Generate a variable age.cat that converts age into a factor with levels [0, 50), [50, 60), [60, 70), [70, 80), and [80, Inf).
Convert race into a factor with levels white, black, and other.
Convert sex into a factor with levels Male and Female.
Convert cat1 into a factor with levels ARF, CHF, MOSF, and Other.
Convert ca into a factor with levels None, Localized (Yes), and Metastatic.
Generate a variable called n.comorbidities that counts the total number of the following comorbidities per person: cardiohx, chfhx, dementhx, psychhx, chrpulhx, renalhx, liverhx, gibledhx, malighx, immunhx, transhx, amihx.
Convert swang1 into a factor with levels No RHC and RHC.
Convert death into a logical vector with FALSE/TRUE values.

# Generate age.cat
df$age.cat <- cut(df$age, breaks = c(0, 50, 60, 70, 80, Inf), 
                  include.lowest = TRUE, right = FALSE)

# Factor `race`
df$race <- factor(x = df$race, levels = c('white', 'black', 'other'))

# Factor `sex`
df$sex <- factor(x = df$sex, levels = c('Male', 'Female'))

# Factor `cat1`
df$cat1 <- factor(df$cat1)
levels(df$cat1) = list(ARF = 'ARF',
                       CHF = 'CHF',
                       MOSF = c('MOSF w/Malignancy', 'MOSF w/Sepsis'),
                       Other = c('Cirrhosis', 'Colon Cancer', 'Coma', 
                                 'COPD', 'Lung Cancer'))

# Factoring `ca`
df$ca <- factor(x = df$ca, 
                levels = c('No', 'Yes', 'Metastatic'),
                labels = c('None', 'Localized (Yes)', 'Metastatic'))

# Generate n.comorbiditis
df$n.comorbidities <- rowSums(x = subset(df, select = cardiohx:amihx), na.rm = TRUE)

# Factor `swang1`
df$swang1 <- factor(x = df$swang1, levels = c('No RHC', 'RHC'))

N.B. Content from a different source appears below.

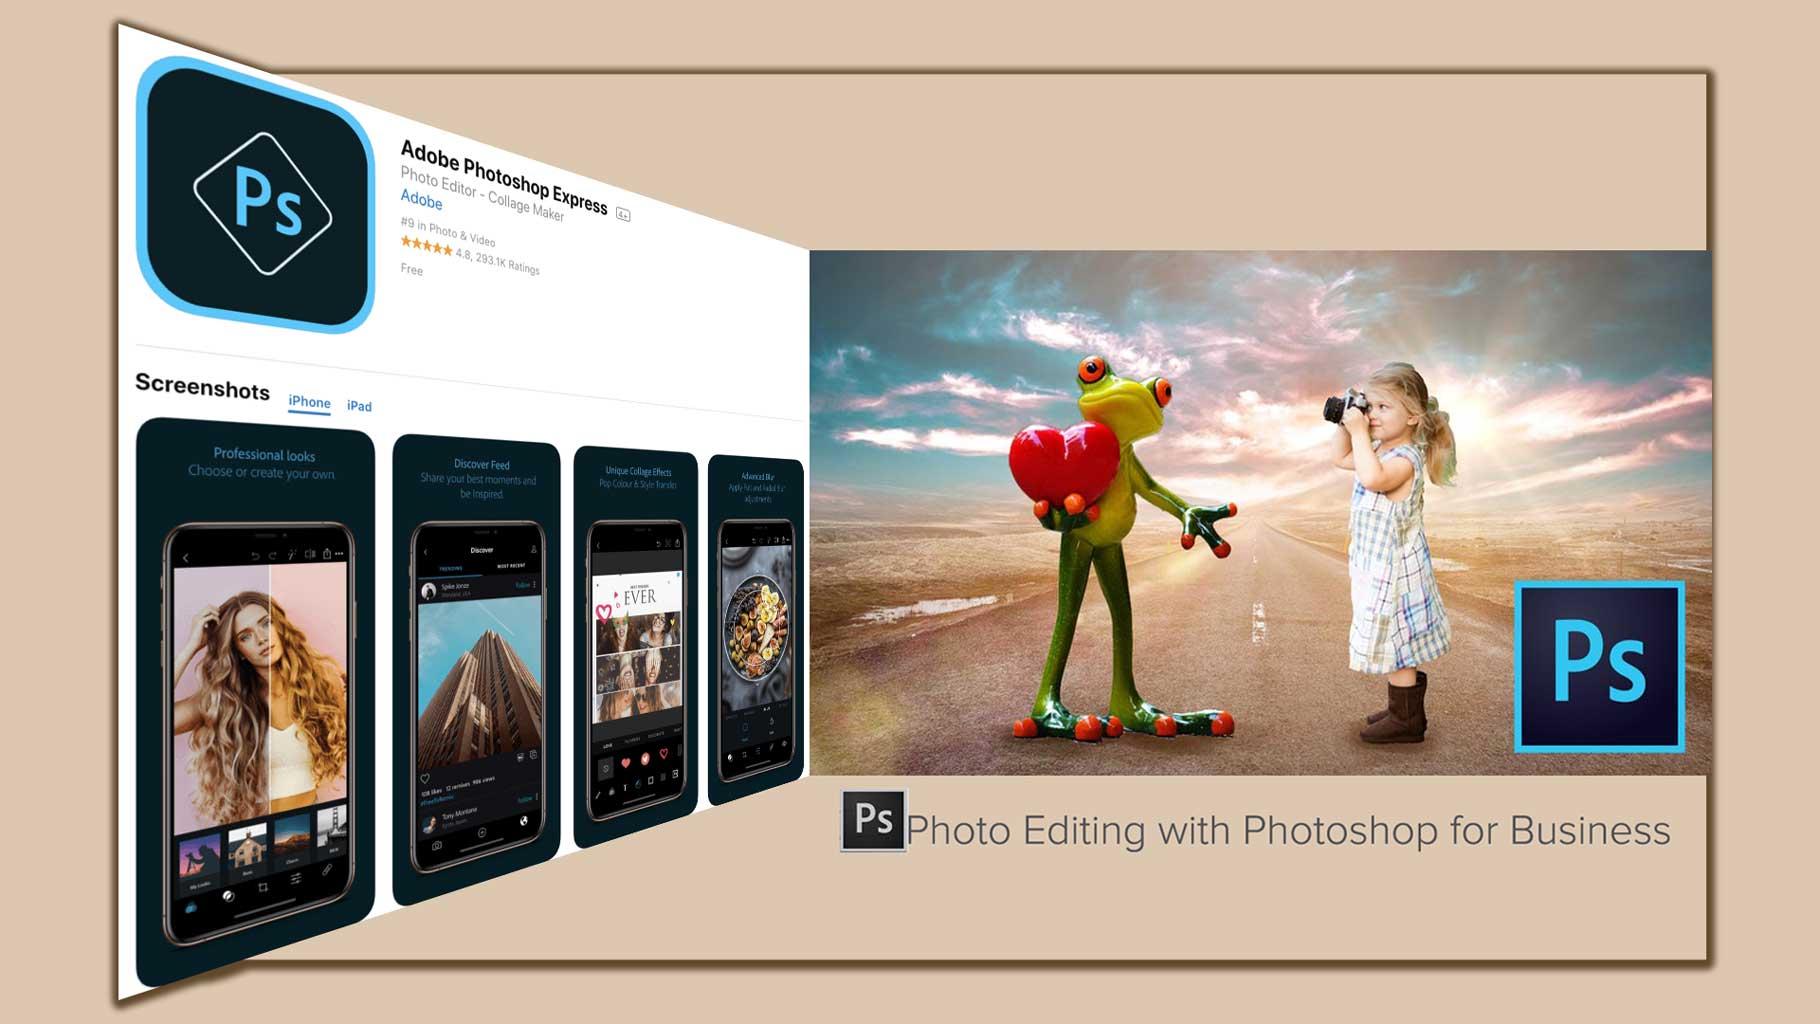 Photo editing  Photoshop 111 - 8 تا از مزایای اصلی ویرایش عکس با فتوشاپ برای کسب و کارتان

# Convert `death` into a logical vector
df$death <- factor(df$death, levels = c('No', 'Yes'), labels = c('FALSE', 'TRUE'))
df$death <- as.logical(df$death)

Problem 1: Summarizing Analytic Dataset

1(a): Generating the analytic dataset

Generate an analytic dataset called df.analytic according to the following parameters:

Contains the variables age.cat, sex, race, cat1, ca, dnr1, aps1, surv2md1, n.comorbidities, adld3p, das2d3pc, temp1, hrt1, meanbp1, resp1, wblc1, pafi1, paco21, ph1, crea1, alb1, scoma1, swang1, death
Subset to complete case observations

NOTE. The resulting analytic dataset should have 24 columns and 1439 rows.

# Generate df.analytic
# df.analytic <- ... # Complete the code here

# Verify the number of columns and rows within df.analytic
#

1(b): Generating a descriptive Table 1. [20% grade]

Using df.analytic, produce a descriptive Table 1 that matches the following sample table:

	Overall	FALSE	TRUE
n	1439	733	706
adld3p (mean (SD))	1.18 (1.82)	0.96 (1.68)	1.41 (1.93)
age.cat (%)
[0,50)	377 (26.2)	253 (34.5)	124 (17.6)
[50,60)	245 (17.0)	115 (15.7)	130 (18.4)
[60,70)	360 (25.0)	158 (21.6)	202 (28.6)
[70,80)	308 (21.4)	144 (19.6)	164 (23.2)
[80,Inf]	149 (10.4)	63 ( 8.6)	86 (12.2)
alb1 (mean (SD))	3.24 (0.64)	3.22 (0.66)	3.25 (0.62)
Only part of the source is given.